_WHAT TO WORK ON_
Repeat the listing word for word. No pictures belong in the copy.

_SOURCE RECORDS_

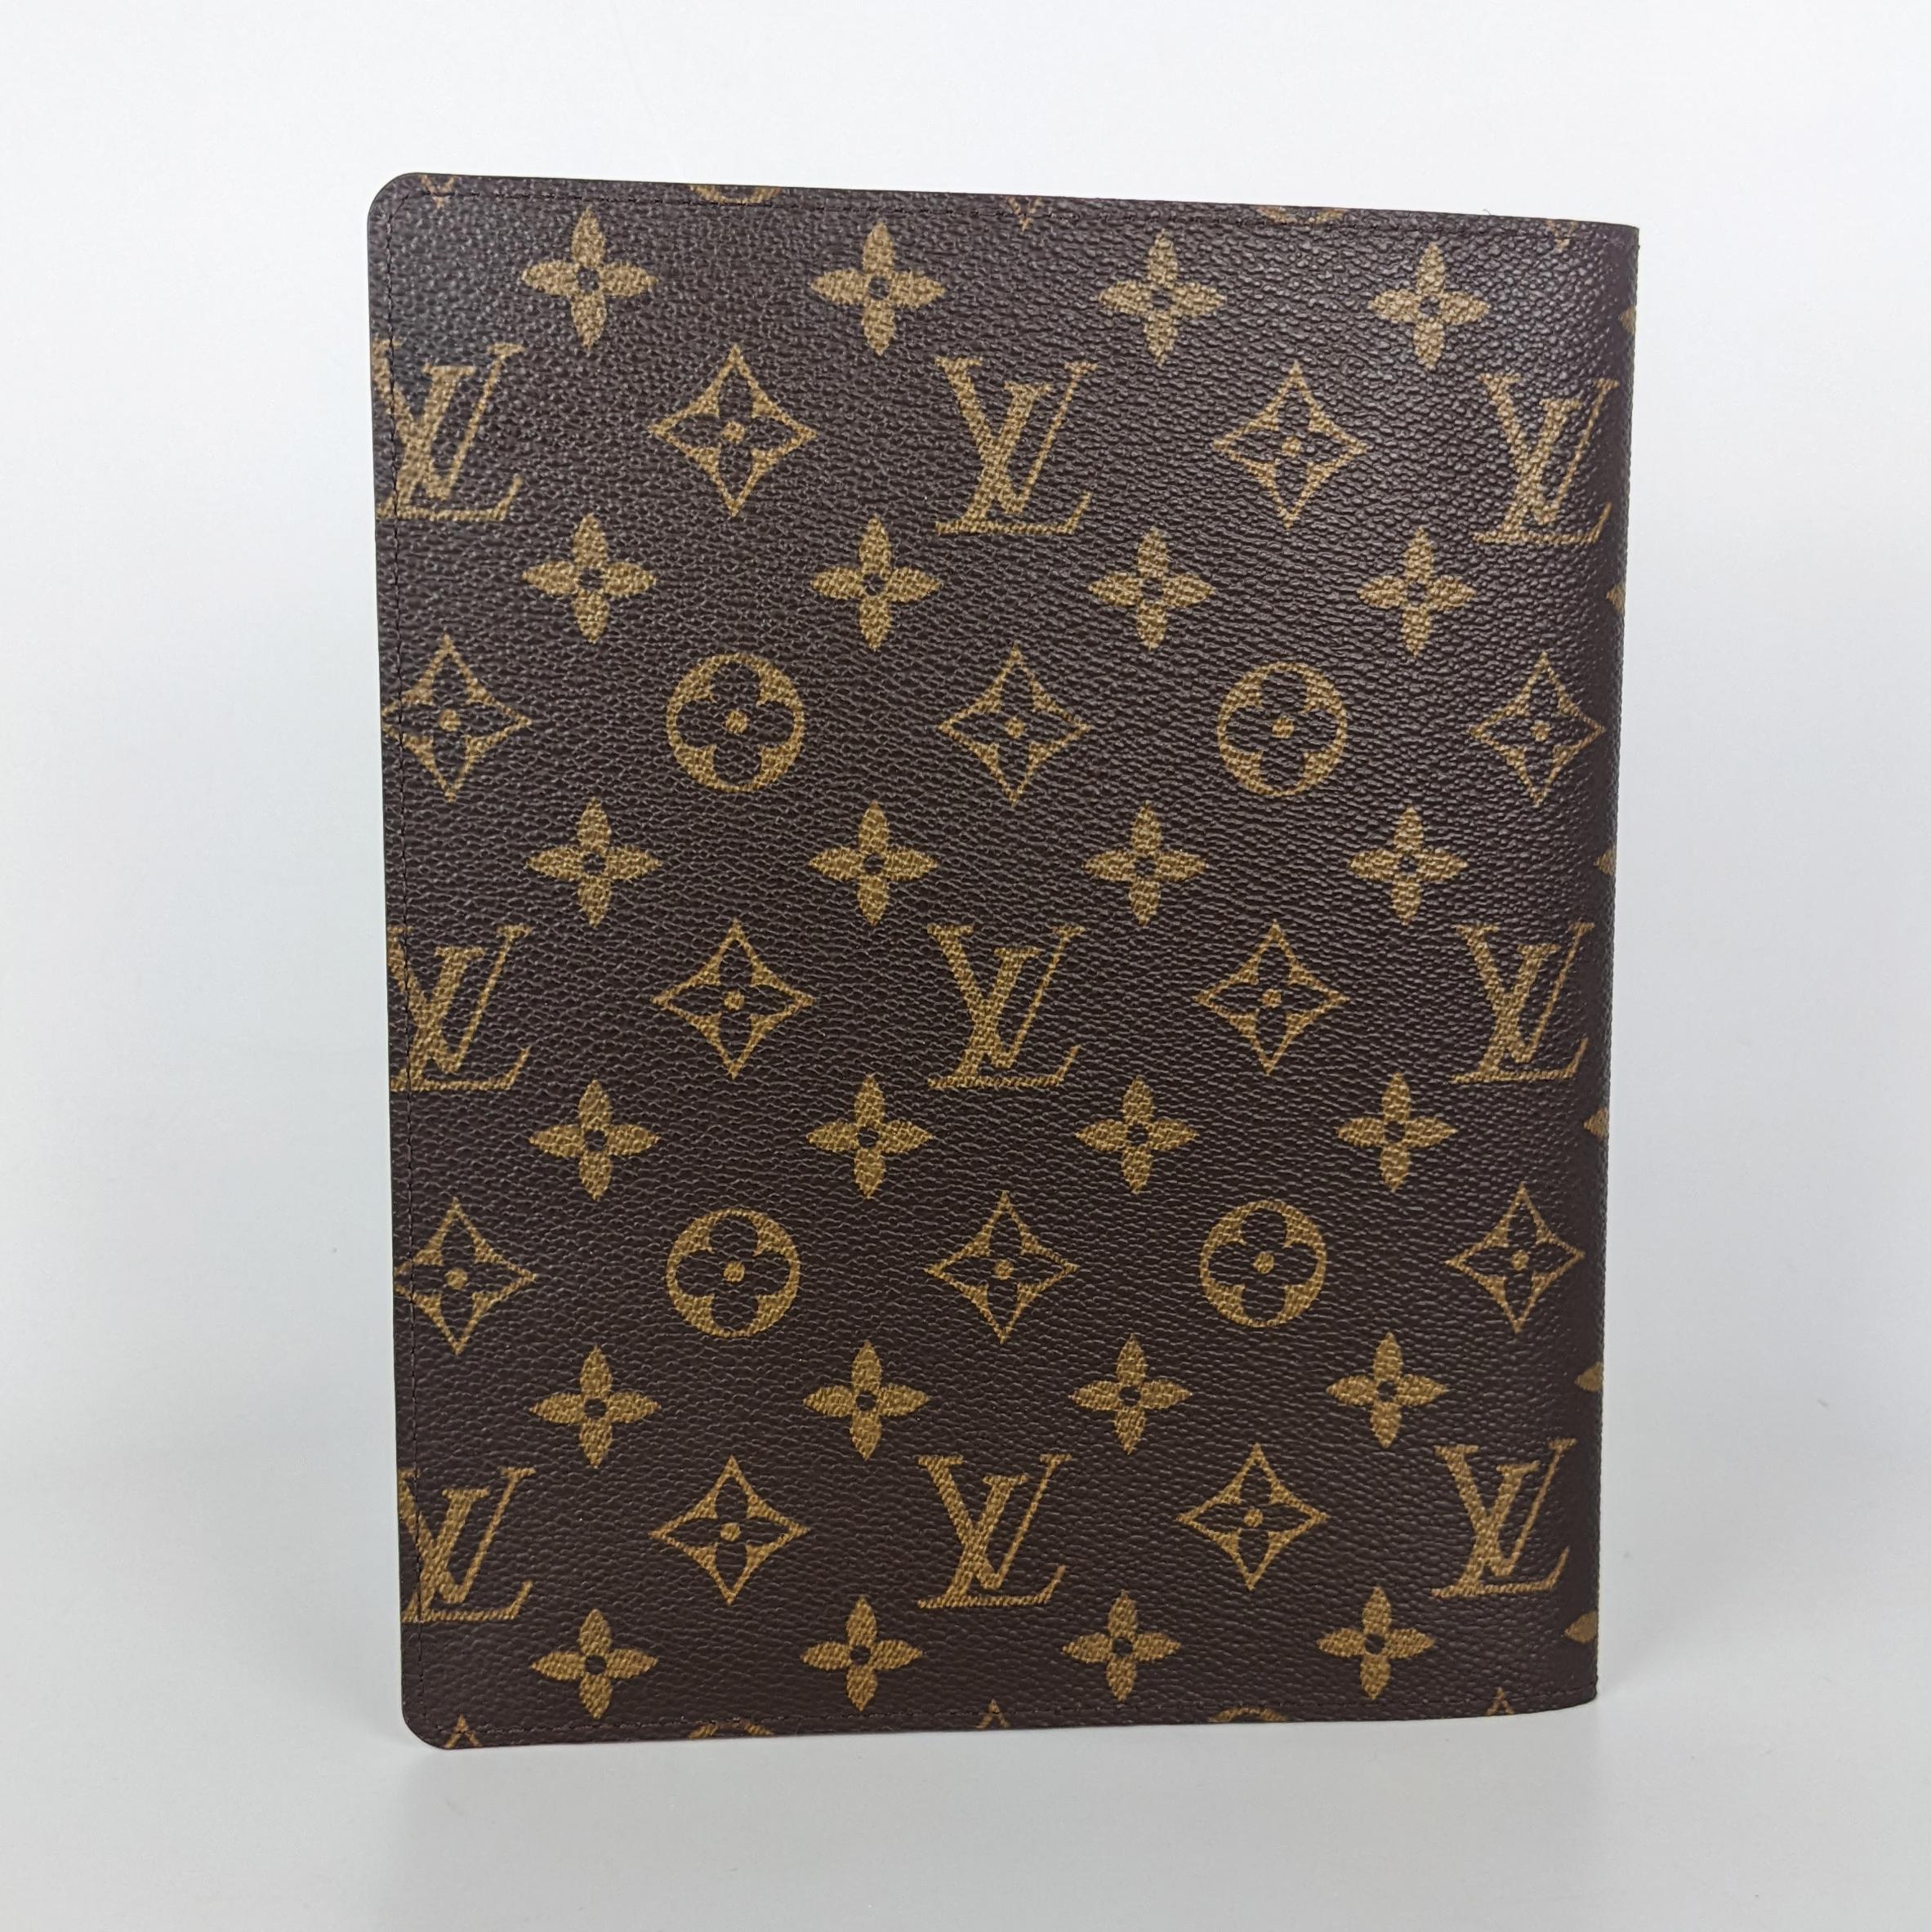 Condition: This authentic Louis Vuitton agenda has no visible signs of wear.

No accessories included (dust bag, box, etc.)

Features: This cover opens to a terra cotta cross-grain leather interior with patched pockets and card slots.

Material:
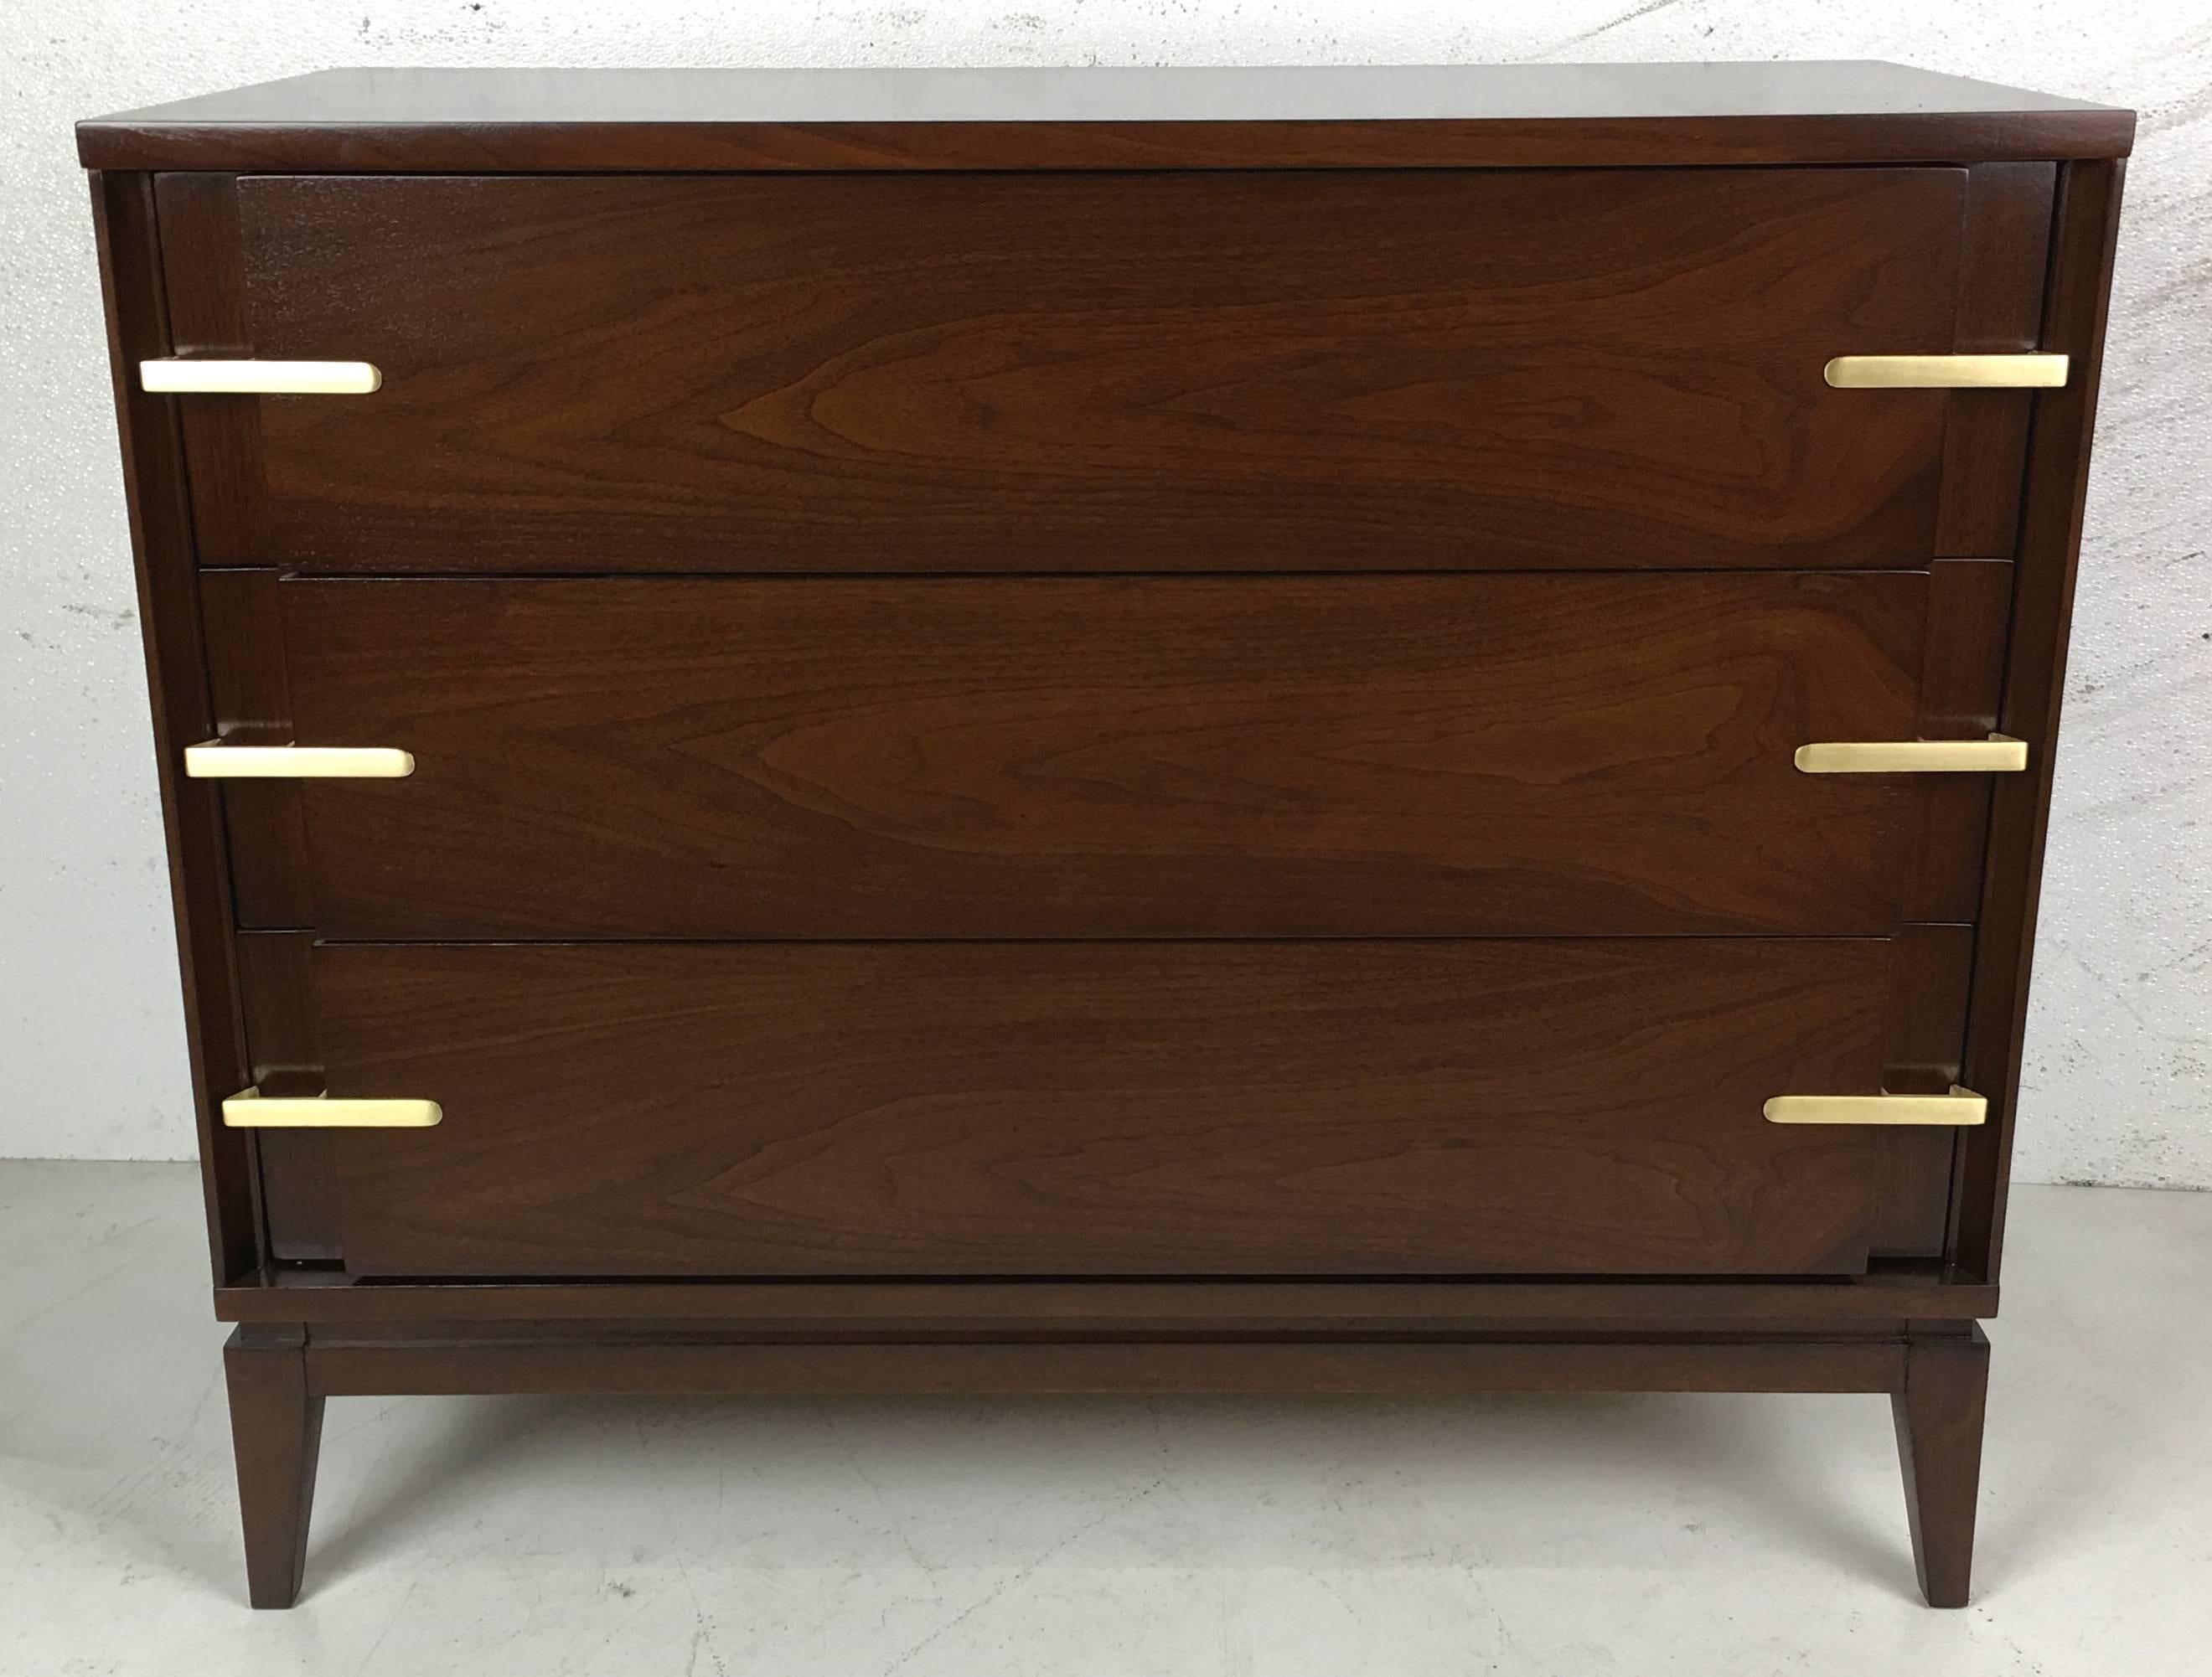 Beautifully grained pair of walnut bachelors chests with inset brass pulls. The pair have been meticulously restored in medium brown lacquer. The drawer pulls have been refinished to a light brushed finish. The chests are reminiscent
of designs by
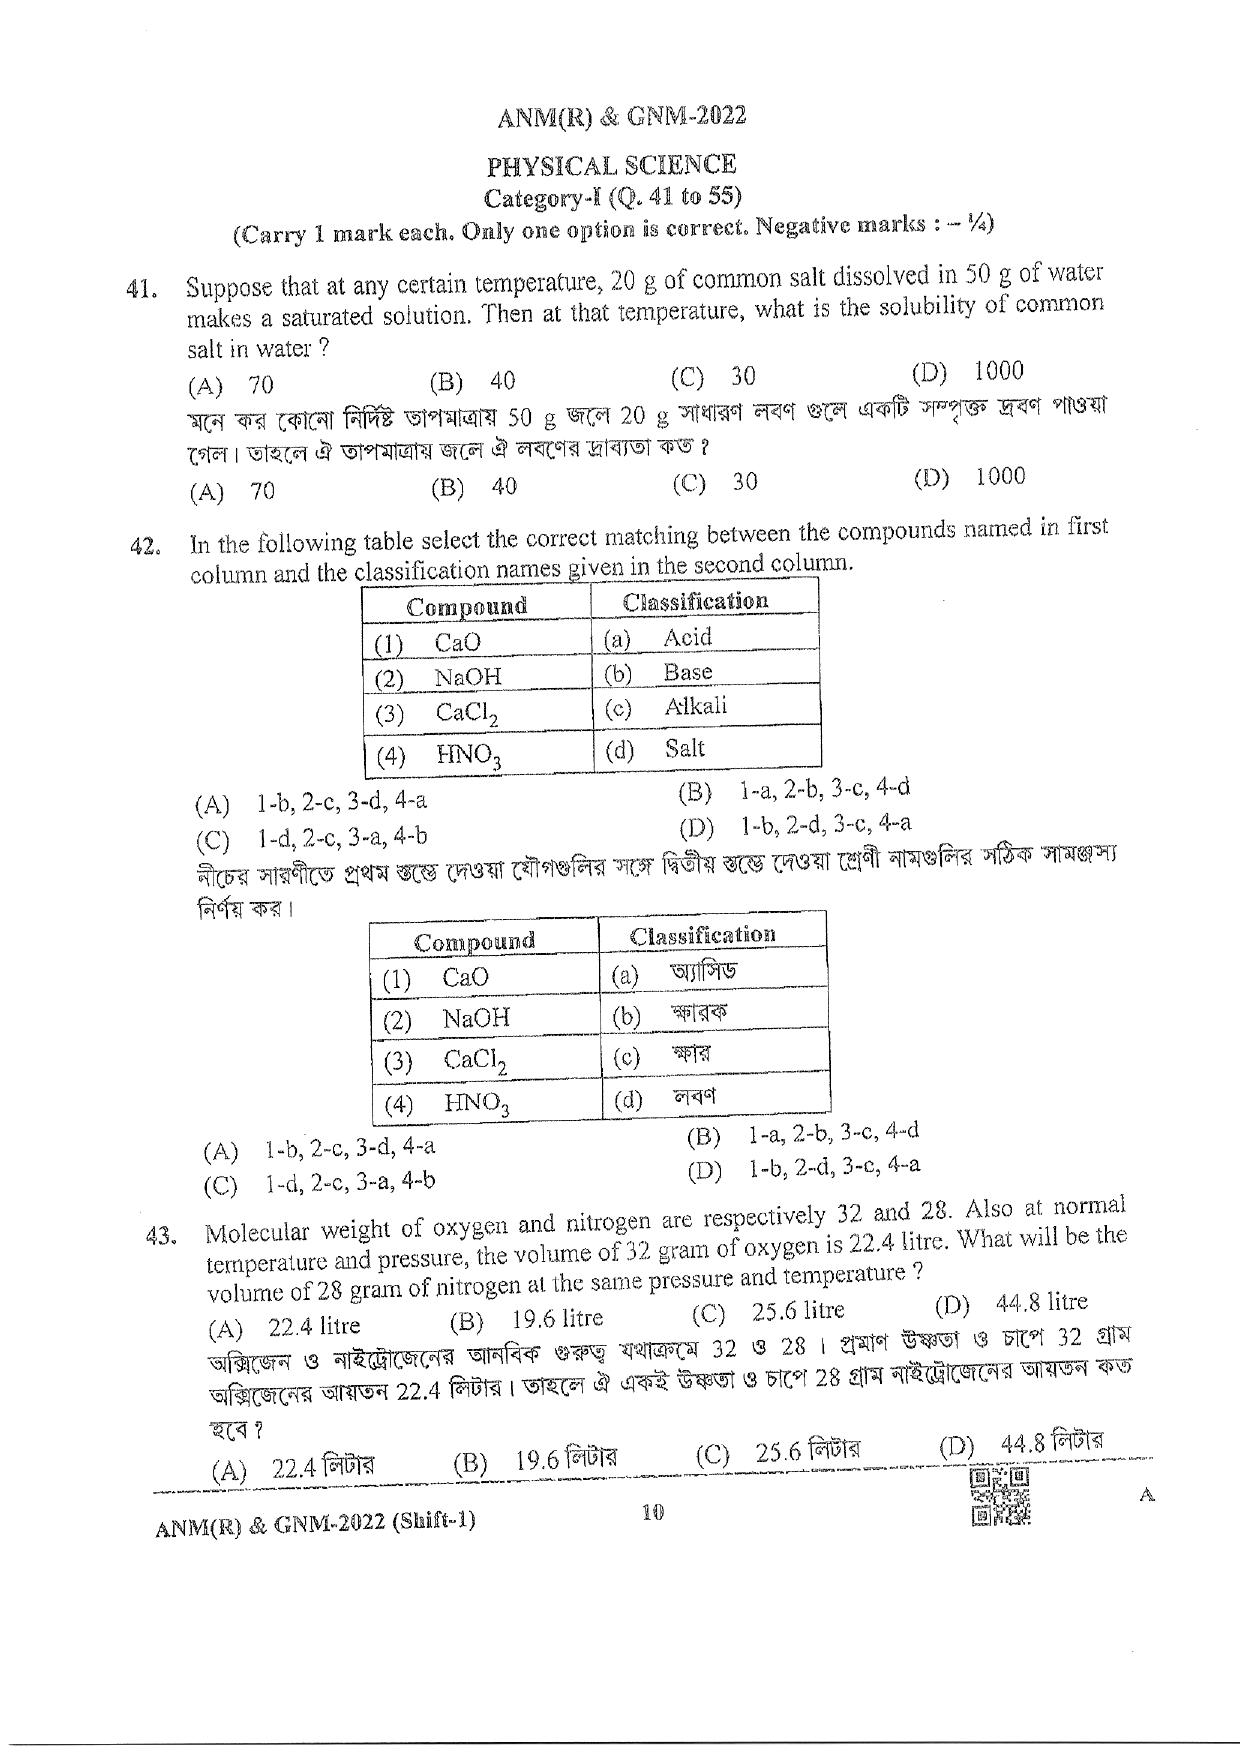 WB ANM GNM 2022 Question Paper - Page 10

_SOLVED PROBLEM_
 Condition: This authentic Louis Vuitton agenda has no visible signs of wear.

No accessories included (dust bag, box, etc.)

Features: This cover opens to a terra cotta cross-grain leather interior with patched pockets and card slots.

Material:
 Beautifully grained pair of walnut bachelors chests with inset brass pulls. The pair have been meticulously restored in medium brown lacquer. The drawer pulls have been refinished to a light brushed finish. The chests are reminiscent
of designs by
 WB ANM GNM 2022 Question Paper - Page 10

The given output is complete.